The fine comes from a decision Apple made a few years back: It started throttling the peak performance of phones with old batteries, but didn’t tell the customers what was happening. Now France is making it pay the price.
What is Apple Guilty of?
In December 2017, Apple revealed that its recent iOS software updates had included a feature that slowed down the performance of older iPhone models. As a result, these models weren’t able to handle a quick peak of power, and the entire phone might shut down, even if it appeared to have plenty of energy left just a few seconds before. Apple’s reasoning was that this was the best way to combat issues stemming from the phone’s lithium-ion batteries as they aged. But their big mistake was not alerting any phone owners that their phones would suddenly have a cap on their peak performances, or that it was the ageing batteries that needed replacing, not the entire device. Users’ phones were most likely to shut down right when they were needed most: When they tried to pull up their Google Maps app at the end of a long day in a foreign city, for example. Apple apologized, offering a battery replacement for any affected devices at a reduced rate of $29. It also introduced a “Battery Health” feature to let users in on their phone’s maximum capacity. Granted, the full apology might have left a little to be desired, with hedging phrases like “We know that some of you feel Apple has let you down.” France, it appears, was not satisfied.
What is the Ruling?
France’s watchdog agency, The General Directorate for Competition Policy, Consumer Affairs and Fraud Control, or DGCCRF, began its probe into the case back in early 2018. Last Friday, it issued its judgement: A €25 million fine (that’s about $27 million in US dollars), along with an order to display a press release on its website highlighting their wrongdoing. And, since users can’t reverse iOS updates, they had no way of returning their phone to a more functional condition. Apple has since added an ability to reverse their battery-throttling feature, in their iOS 11.3 update. Granted, this fine is hardly going to kneecap Apple. It’s a drop in the massive tech giant’s $1.3 trillion market cap. In December 2019, Apple became the first company to pass $1 trillion, making it the last company in the world to be bothered by a paltry $27 million fine. The tech giant doesn’t just have France to worry about. Italy already slapped Apple with a €10 million fine in 2018 for the battery slow-down case, for instance, and Apple continues to battle US-based class action suits centering on the same planned obsolescence issue. In April 2018, a Judicial Panel consolidated 61 complaints, though more have popped up since, including one in August 2019 and another in October. In other words, Apple definitely hasn’t heard the last of this issue.

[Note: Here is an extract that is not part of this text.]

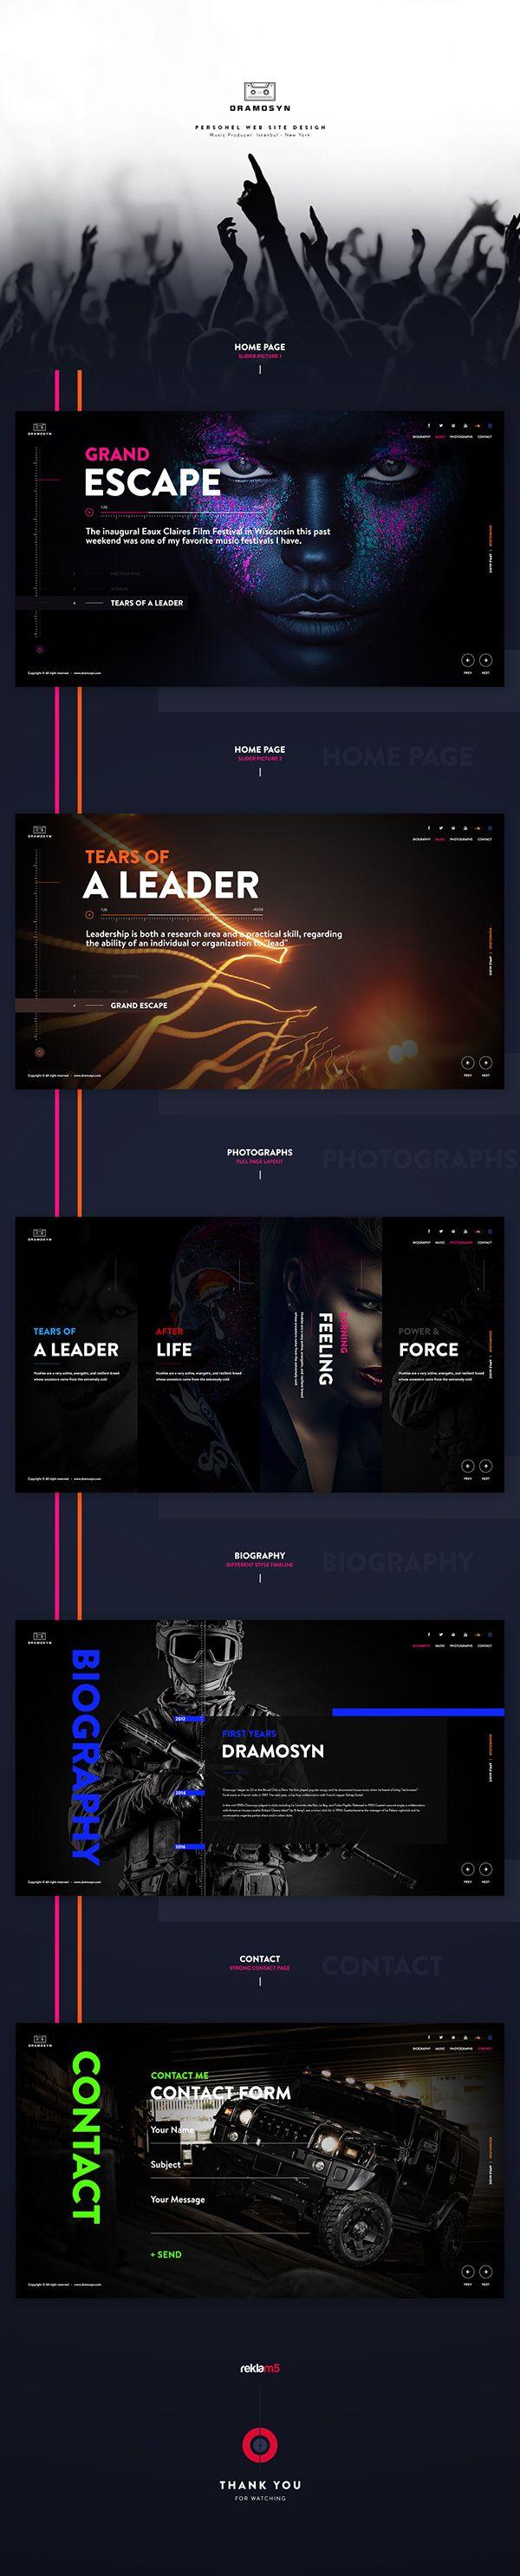 web design | DRAMDSYN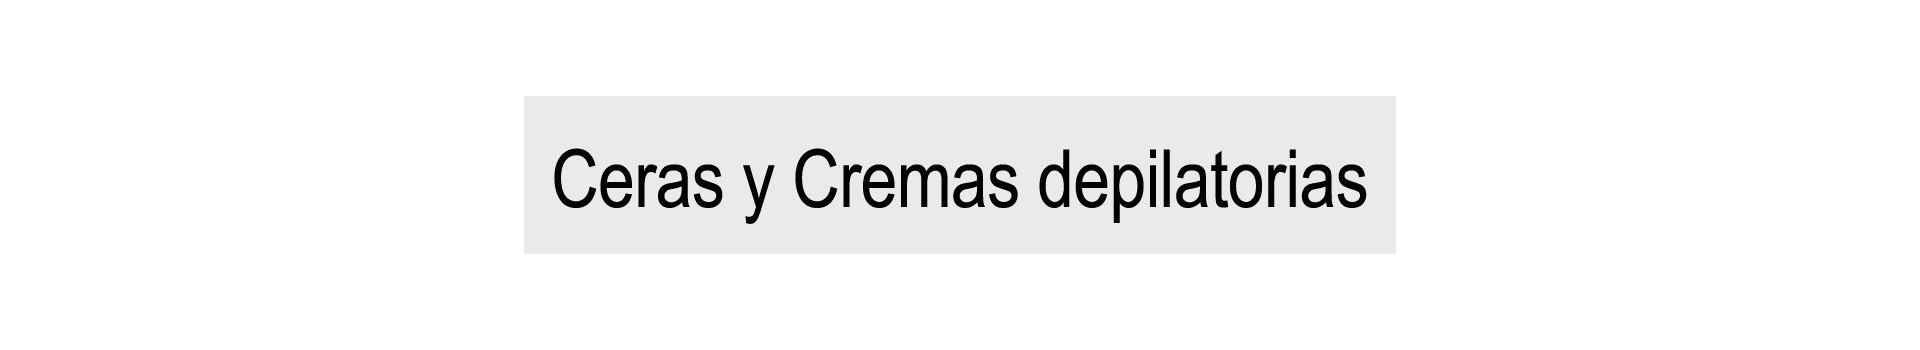 Ceras y Cremas Depilatorias

Apple’s Court European Battles
Apple is not new to court battles in Europe. What’s the saying? You don’t get to a $1.3 trillion market cap without making a few enemies? Recently, The EU has been pushing for a universal phone charger standard in order to cut down on waste. Apple lobbied hard against it, commissioning studies and arguing that the ruling would hurt the industry’s “ability to innovate.” Regardless, the EU has now ruled in favour of a single charger solution, which will doubtless lead to headaches for Apple down the line. Plus, Apple only recently finished paying a hefty $15 billion fine to the EU over tax benefits from the Irish government. In 1991, Ireland agreed to only tax a set bracket of Apple’s earnings. But it’s illegal for an EU country to offer just one business a sweetheart deal, so the EU got wind of it eventually and doled out a fine that actually put a sizeable dent in Apple’s earnings. I could go on listing Apple’s international legal run-ins, but you get the point. Besides, I don’t want to open too many tabs and risk my iPhone crashing.